Luton sees biggest house price rise in UK in 2016, Aberdeen the biggest fall

The biggest increase in house prices in the UK in 2016 was in the southern England town of Luton where the average property value increased by almost 20%, new research shows.

Based house price data from lender the Halifax, the average house price in the Bedfordshire increased from £214,934 to £256,636 in 2016, some19.4% higher than in the previous year and more than two and a half times the 7.5% increase in the UK as a whole.

The outer London borough of Barking and Dagenham recorded the second biggest rise in average house prices with an increase of 18.6% and in third place was Dunstable, not far from Luton, with a 17.9% rise in the past year.

All 10 top performers were in London and the South East of England. Basildon with a price increase of 17.2%, Chatham up 17.1%, Tower Hamlets up 15.8%, Watford up 15.3% and Basingstoke up 15.1%, all recorded price rises that were at least double the national average.

A small number of towns recorded declines in house prices in 2016 and by far the most significant fall was in Aberdeen in Scotland where prices fell by 6.9%. There were also marginal price decreases in a number of other towns including Falkirk down 1.1% and Inverness down 0.9%.

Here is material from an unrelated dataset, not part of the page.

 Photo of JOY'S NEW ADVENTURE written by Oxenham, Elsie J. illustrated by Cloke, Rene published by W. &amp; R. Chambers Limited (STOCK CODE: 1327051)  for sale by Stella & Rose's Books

In Northern Ireland average property prices in Bangor, County Down, fell by 1.7% and they were down by 0.4% in Londonderry while in northern England prices fell by 0.5% in Blackpool and by 0.1% in Stockton on Tees. The Halifax report says that many of these areas are suffering from relatively weak employment and economic conditions, which continue to constrain local housing demand.

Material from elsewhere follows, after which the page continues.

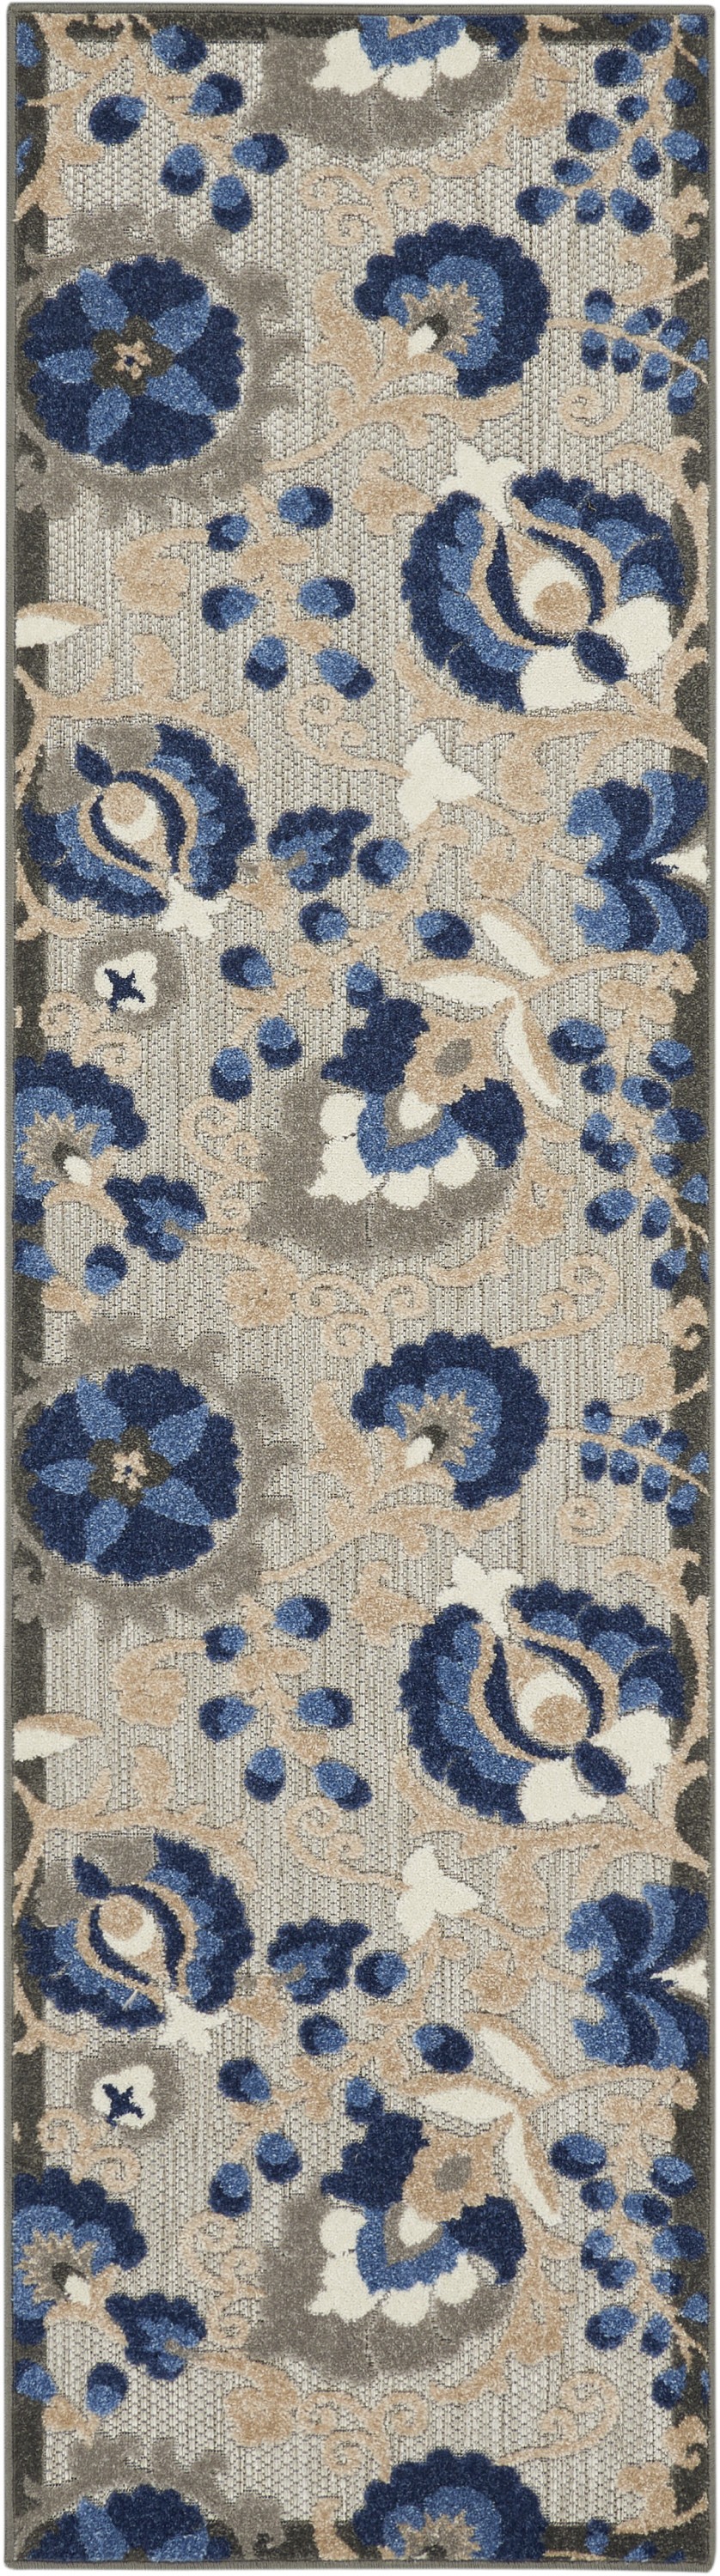 2' X 6' Blue And Gray Floral Indoor Outdoor Area Rug-384852-1

‘Most of the areas that have seen the biggest house price rises during 2016 are either within close commuting distance of the capital or in outer London,’ said Martin Ellis, housing economist at the Halifax.

‘Demand in these areas has risen as substantial property price rises in central London over the last few years have caused increasing numbers of people to seek property in more affordable areas,’ he explained.

‘A few towns have experienced price falls, with the biggest in Aberdeen. On the north east coast of Scotland, it is highly dependent on the North Sea oil and gas sector. The substantial fall in oil prices in the past couple of years has hit the industry hard with adverse impact on demand for homes in the area. Price declines elsewhere have been modest,’ he added.